Stratified Random Sampling Definition. Stratified Random Sampling Definition. Take a look at this chart. In stratified sampling the population is partitioned into regions or strata and a sample is selected by some design within each stratum. Stratified random sampling is a random sampling method where you divide members of a population into strata or homogeneous subgroups.
In stratified sampling the population is partitioned into regions or strata and a sample is selected by some design within each stratum. In stratified random sampling or stratification the strata are formed based on members shared attributes or characteristics such as income or educational attainment. Stratified Random Sampling Definition. Stratified random sampling refers to a sampling technique in which a population is divided into discrete units called strata based on similar attributes. Random samples can be. This chapter first explains estimation of the population total and population mean.
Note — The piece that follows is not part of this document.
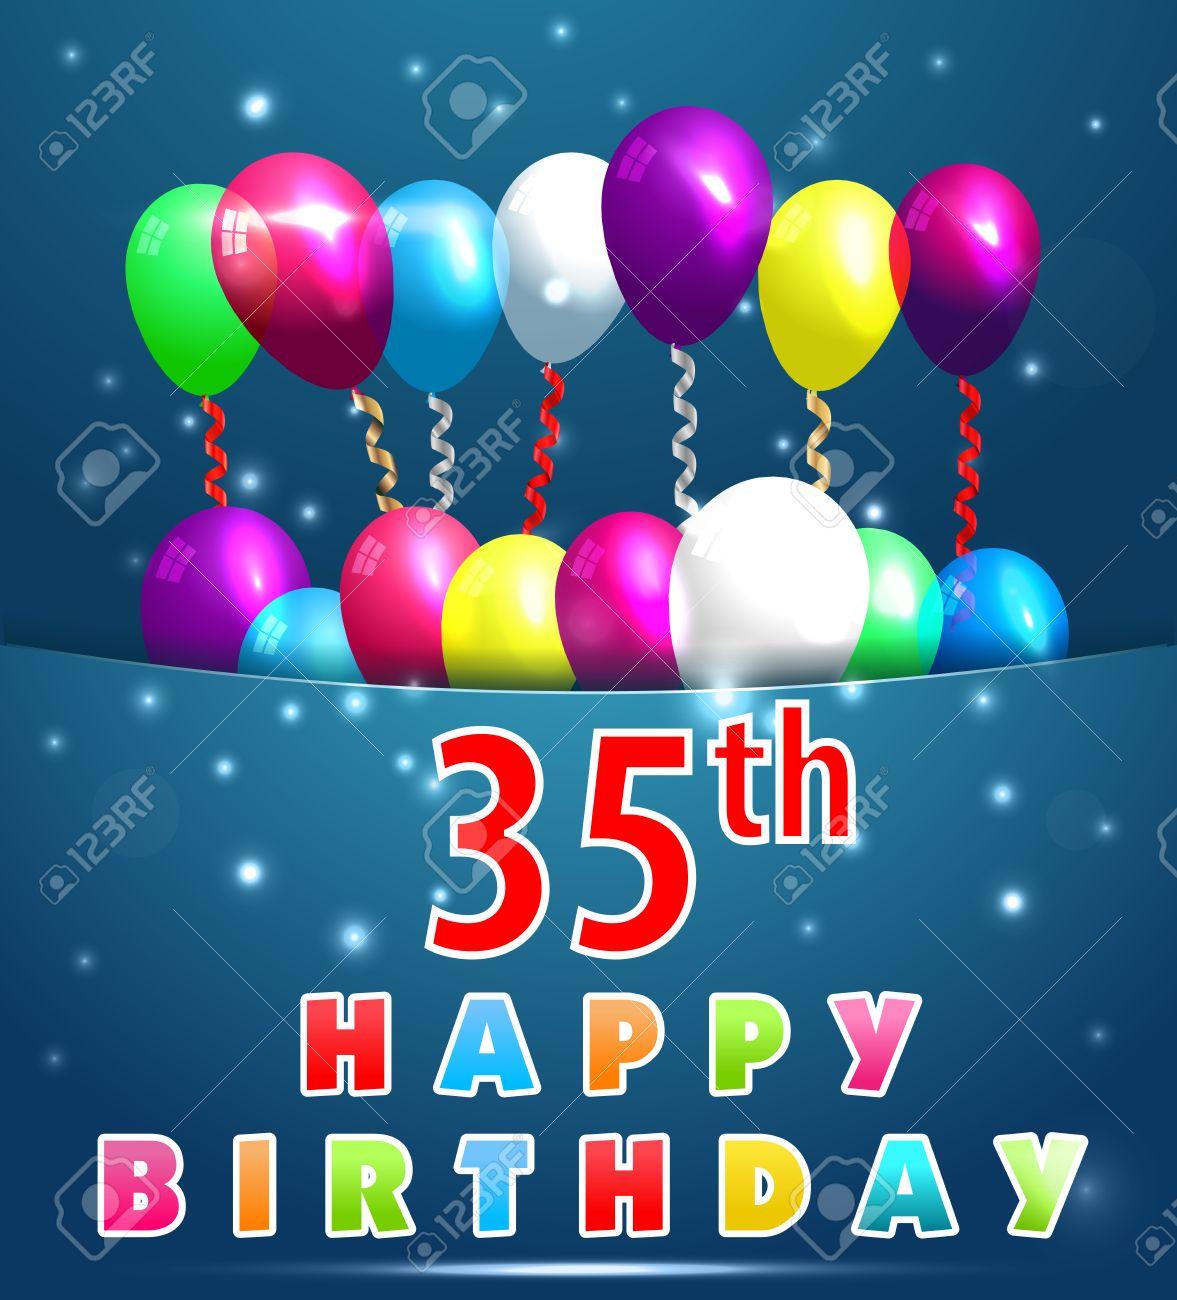 Auguri Di Buon Compleanno 35 Anni.35 Anni Scheda Di Buon Compleanno Con Palloncini E Nastri 35 Compleanno
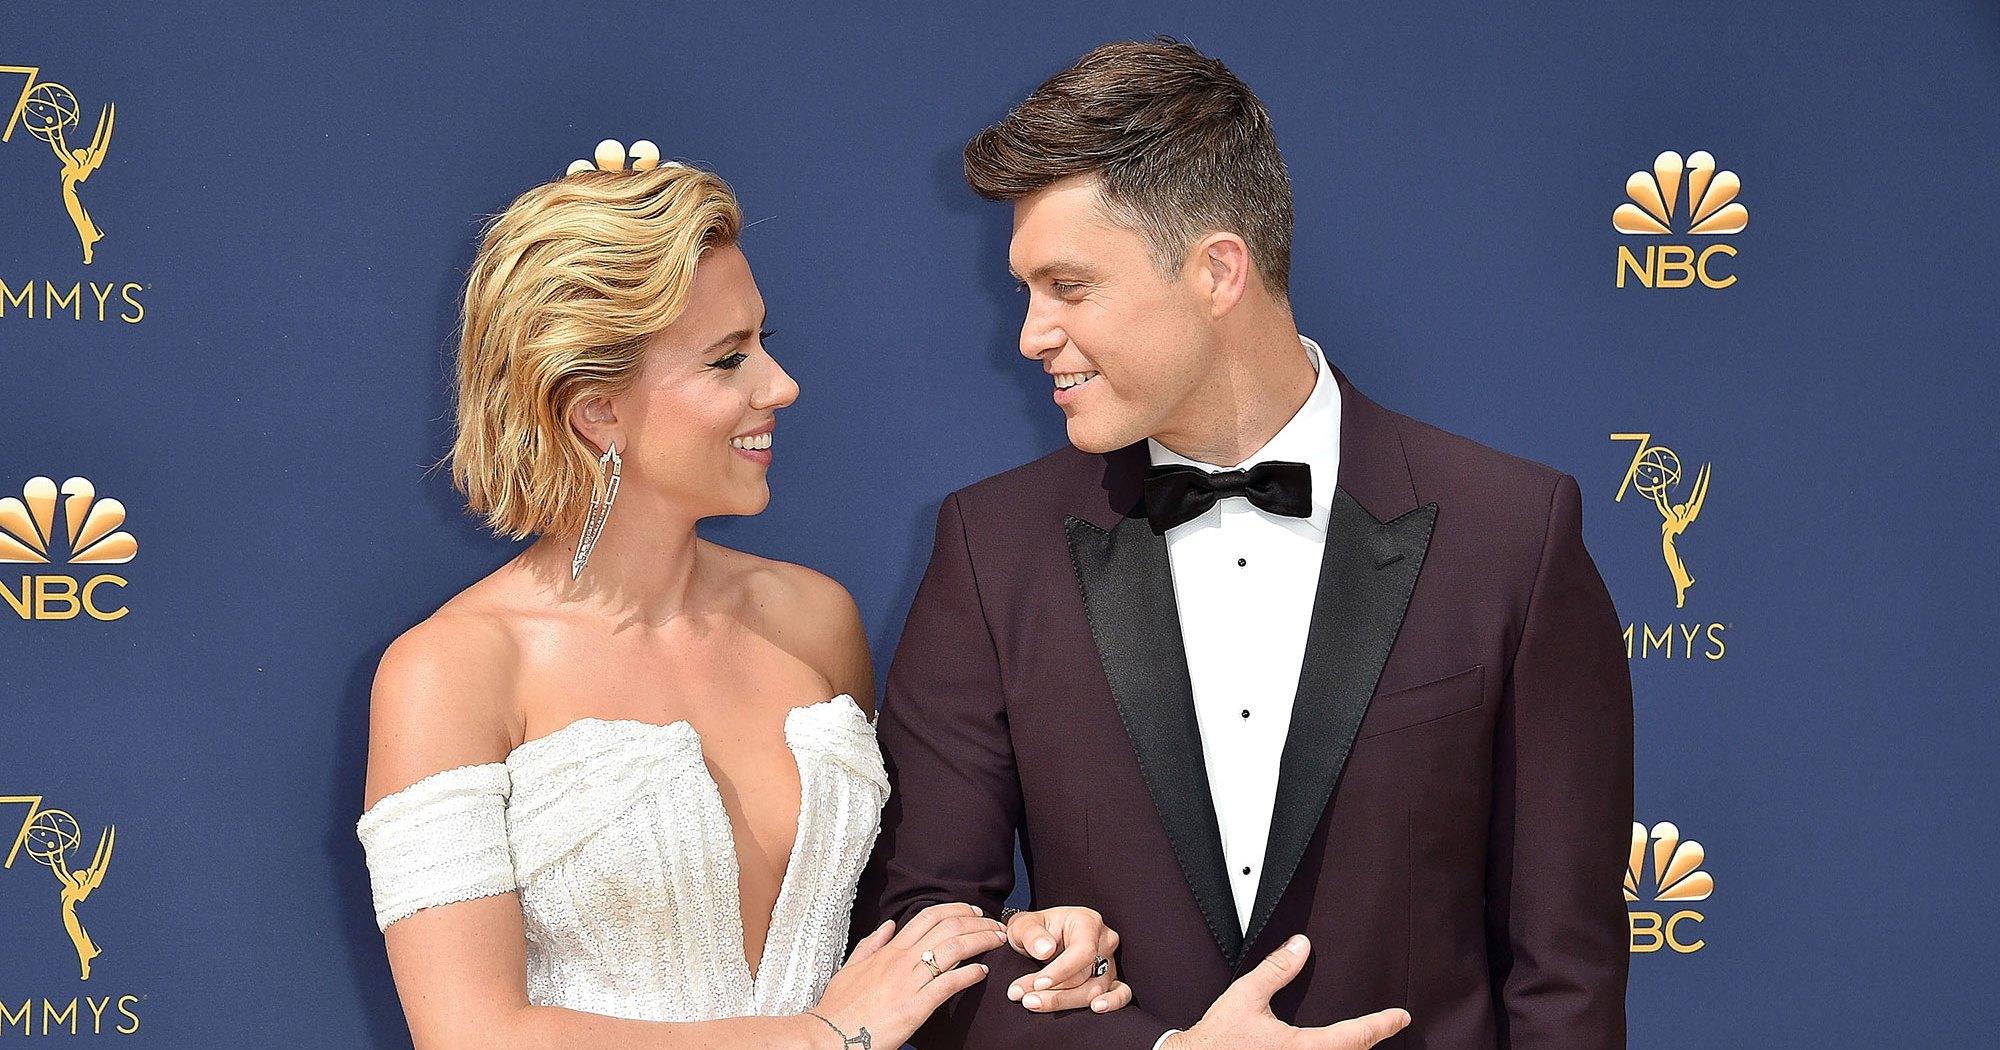 Colin Jost Who? Scarlett Johansson Jokes She's Dating Someone Else

What Is Stratified Random Sampling.
Stratified random sampling is a method of sampling that involves the division of a population into smaller sub-groups known as strata. Stratified random sampling is an extremely productive method of sampling in situations where the researcher intends to focus only on specific strata from the available population data. For example you want to find out whether workers who did a lot of overtime work had higher performance scores. The design is called stratified random sampling if the design within each stratum is simple random sampling. In stratified random sampling or stratification the strata are formed based on members shared attributes or characteristics such as income or educational attainment. A stratified random sample is a population sample that requires the population to be divided into smaller groups called strata.